The bill could lower premiums and expand hospice coverage for many Medicare beneficiaries while stabilizing MA plan finances, but it also limits beneficiary choice through automatic enrollment/lock‑in and introduces payment and incentive changes that risk reduced access, under‑payment for sicker patients, and potential conflicts of interest.
Medicare beneficiaries could be auto-enrolled into the Medicare Advantage (MA) plan with the lowest premium available to them starting in 2028, which may lower their monthly premiums and simplify plan selection.
Medicare beneficiaries (including patients with serious or terminal illness) would have hospice services covered within MA plans, simplifying and improving access to hospice care for enrollees.
MA plans would receive stop‑loss payments based on auditable encounter data, which helps protect plans from catastrophic losses and maintain plan solvency without increasing overall federal spending.
Medicare beneficiaries placed into MA via automatic enrollment could be stuck for three years and end up in plans with narrow networks or higher out‑of‑pocket costs, substantially reducing their ability to switch to traditional Medicare or better-suited MA options.

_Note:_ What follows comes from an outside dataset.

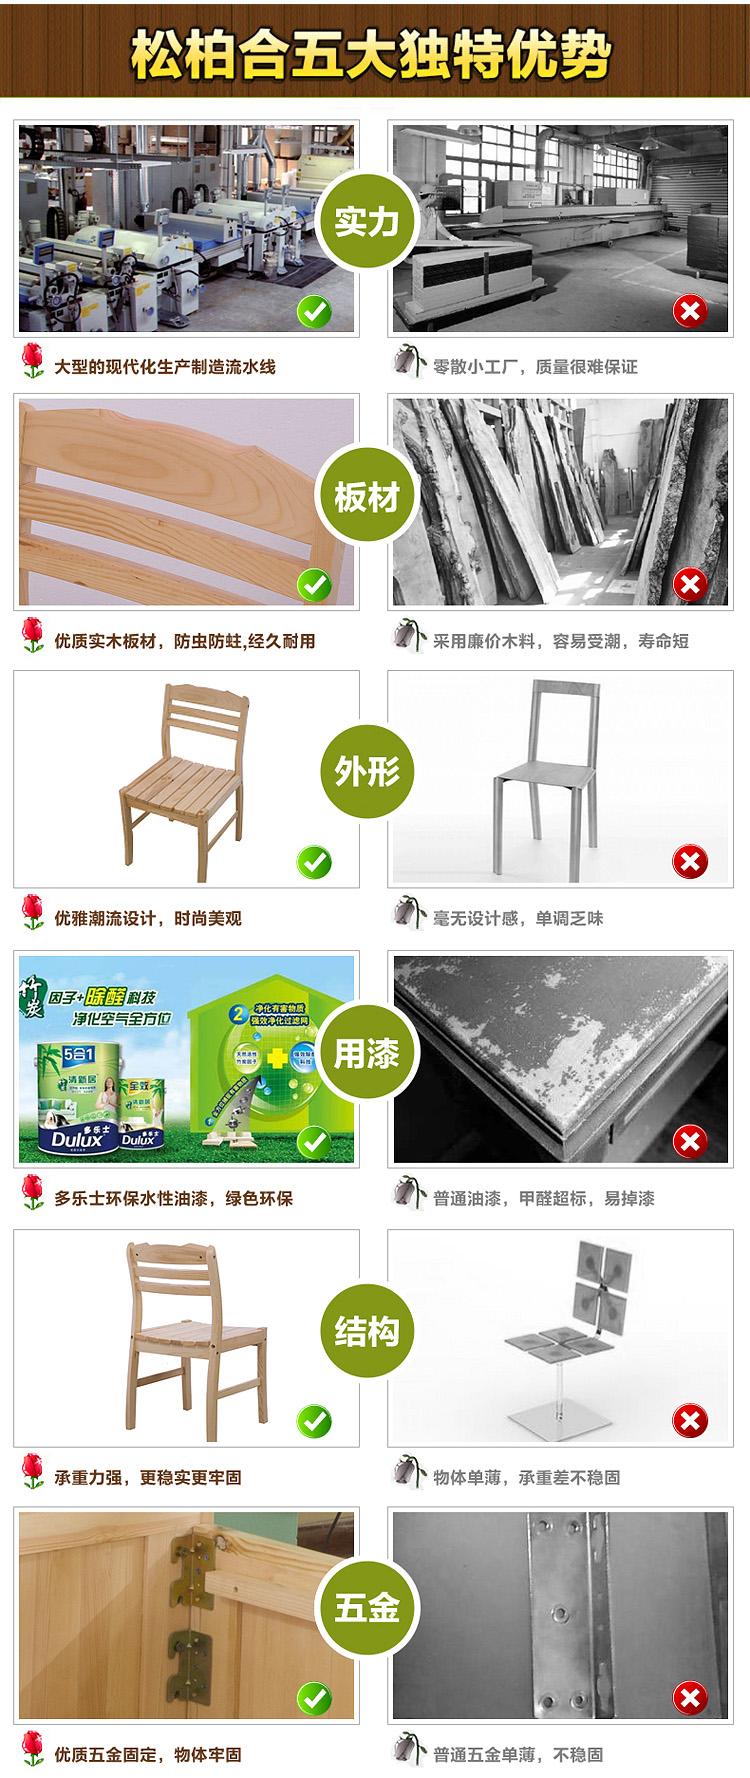 格拉斯餐椅PK图.jpg

Limiting risk‑adjustment to diagnoses from face‑to‑face or telehealth claims with a two‑year lookback risks undercounting complex or under‑documented conditions, reducing payments to plans that serve sicker patients and potentially narrowing provider networks or services.
Requiring capitated payments for most MA plans may reduce plan flexibility to reimburse for complex care, potentially discouraging provider participation in some areas and harming patient access.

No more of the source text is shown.